Voir l'univers Accompagnement scolaire
Les méthodes détaillées
Comment apprendre une poésie rapidement
La méthode orale, du découpage à la récitation sans support.
Comment apprendre une leçon efficacement
Comprendre, reformuler, se faire interroger, cibler les lacunes.
Préparer l'oral du brevet
Modalités, attentes du jury et plan d'entraînement à voix haute.
Apprendre l'anglais à l'oral
Pratiquer réellement à la maison, sans écran.
Mémo éducatif
Combien de temps de devoirs par jour ?
En primaire, 15 à 20 minutes suffisent le plus souvent. Au collège, 30 à 45 minutes bien utilisées valent mieux que deux heures étalées.
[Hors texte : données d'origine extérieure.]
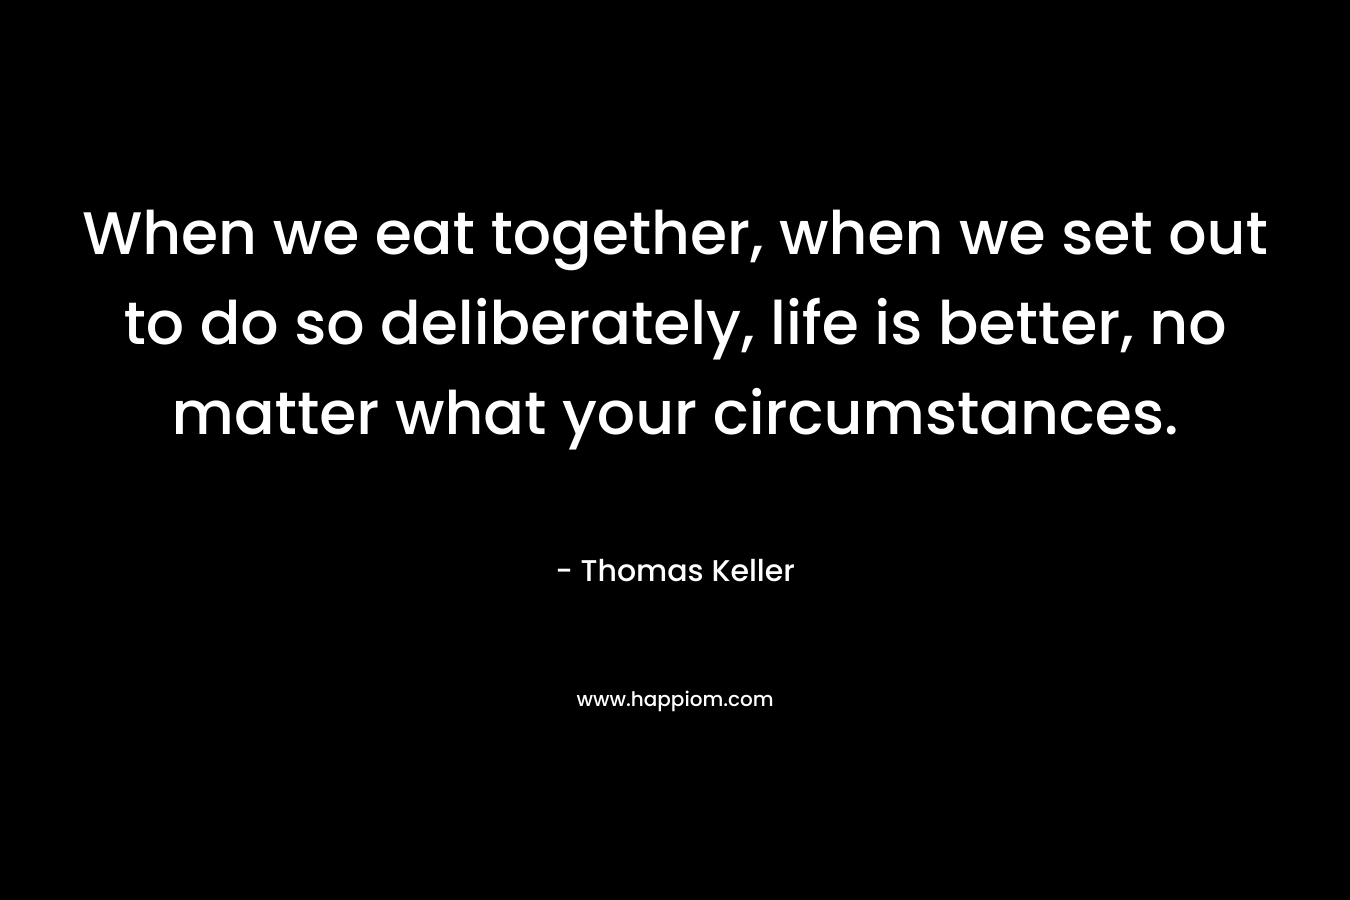 When we eat together, when we set out to do so deliberately, life is better, no matter what your circumstances.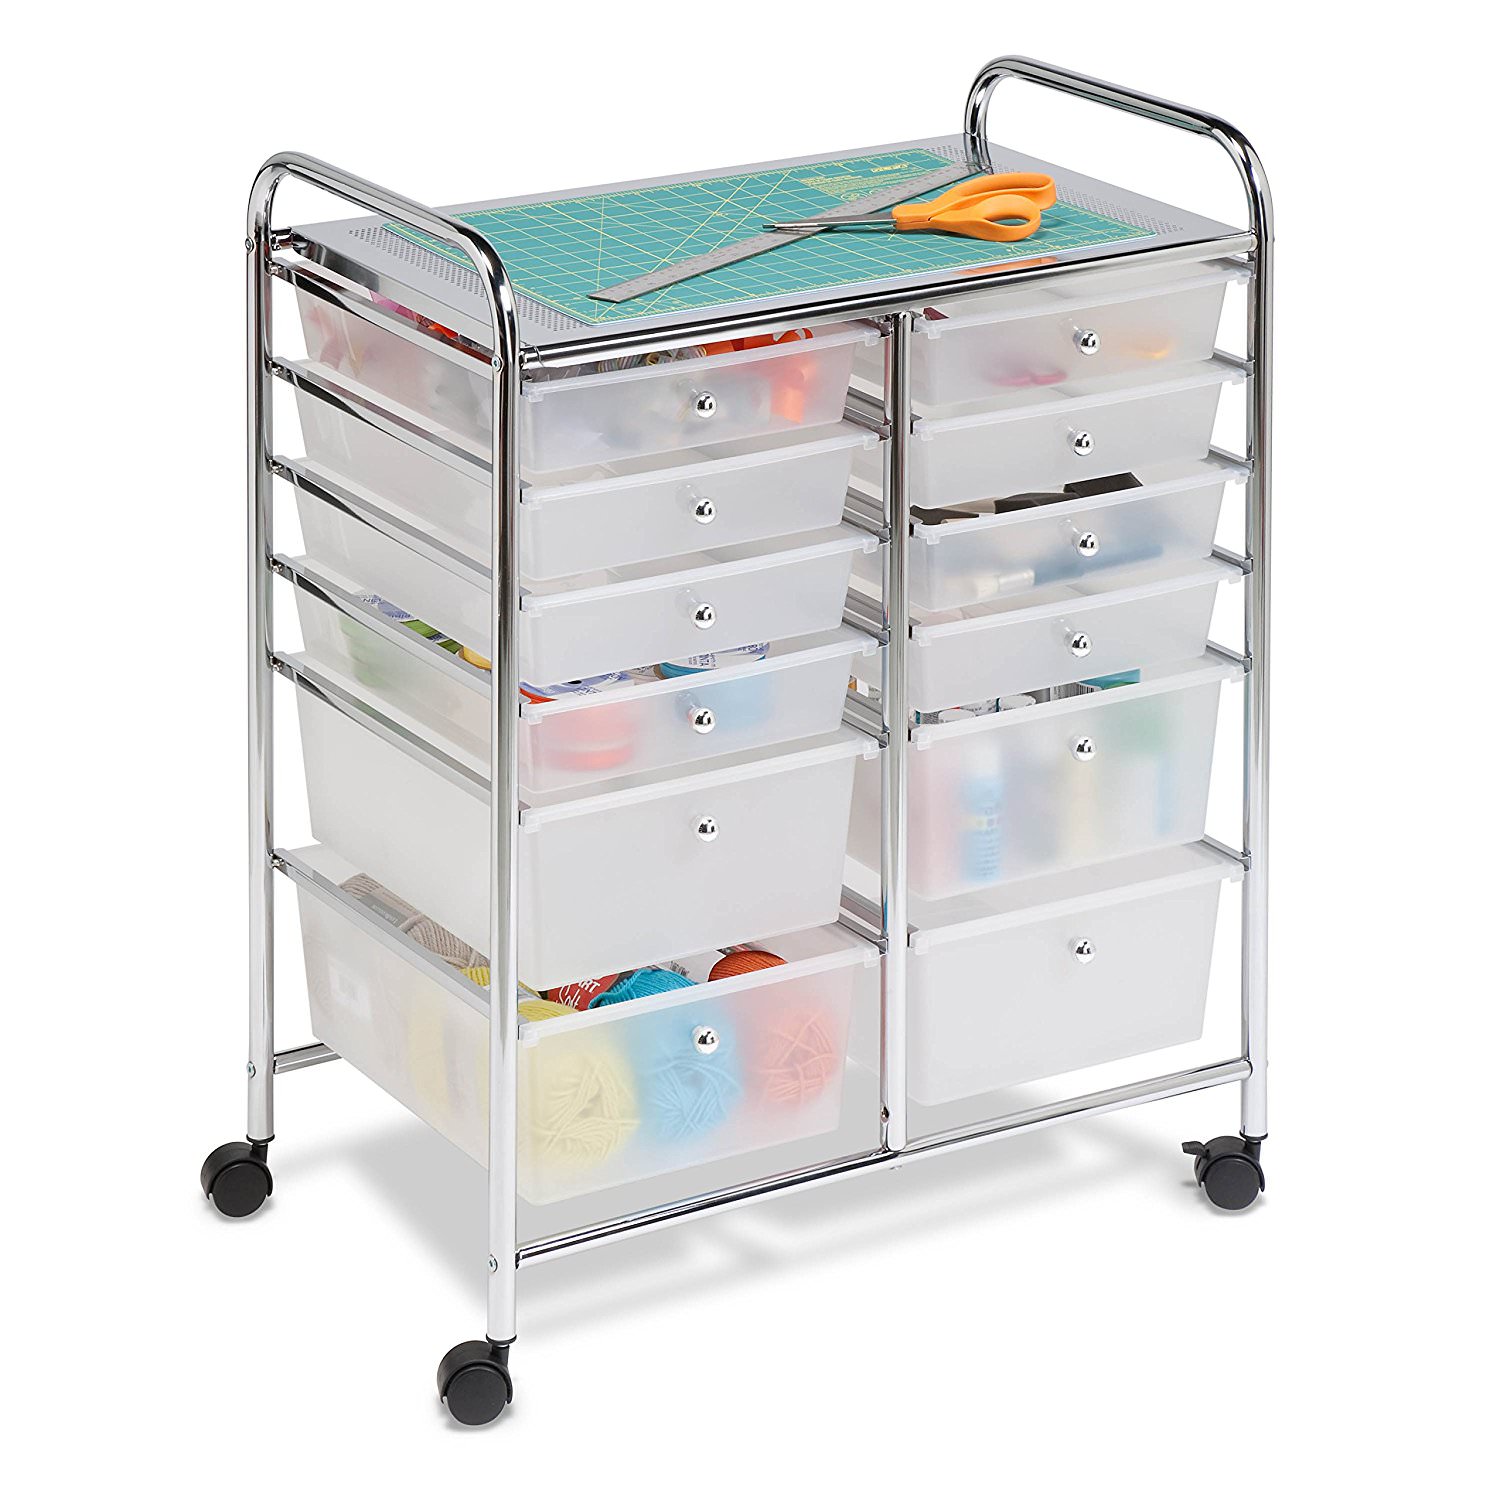 Honey-Can-Do 6 Tier Rolling 12 Plastic Drawer Storage Cart and Craft Organizer with Lockable Wheels, Clear/Chrome - image 8 of 9

Ce qui compte est de finir avec une vérification, pas d'atteindre une durée.
Un enfant peut-il vraiment réviser seul ?
Oui, à condition que le cadre soit posé et qu'il ait un moyen de se faire interroger. C'est l'absence de retour immédiat, plus que la volonté, qui empêche l'autonomie.
Que faire s'il refuse de travailler ?
Réduire d'abord la séance : cinq minutes tenues valent mieux qu'une heure conflictuelle. Ensuite, changer le format — être interrogé ressemble à un jeu, relire ressemble à une punition.
Est-ce que ça remplace un cours de soutien scolaire ?
Non. Une méthode de travail quotidienne et un cours particulier ne traitent pas le même problème. S'il y a une lacune ancienne sur une notion, un enseignant reste nécessaire.
Pourquoi éviter les écrans pour les devoirs ?
Parce qu'ils rendent la tâche coûteuse en attention : chaque notification demande un effort pour revenir au travail. Pour de la mémorisation ou de la récitation, l'écran n'apporte rien que la voix ne fasse mieux.
Quelle différence avec un assistant sur ordinateur ?
Un assistant écrit donne une réponse à recopier. Ici, l'enfant doit produire la réponse à voix haute, sans support, et être corrigé sur ce qu'il a oublié. Ce n'est pas le même exercice.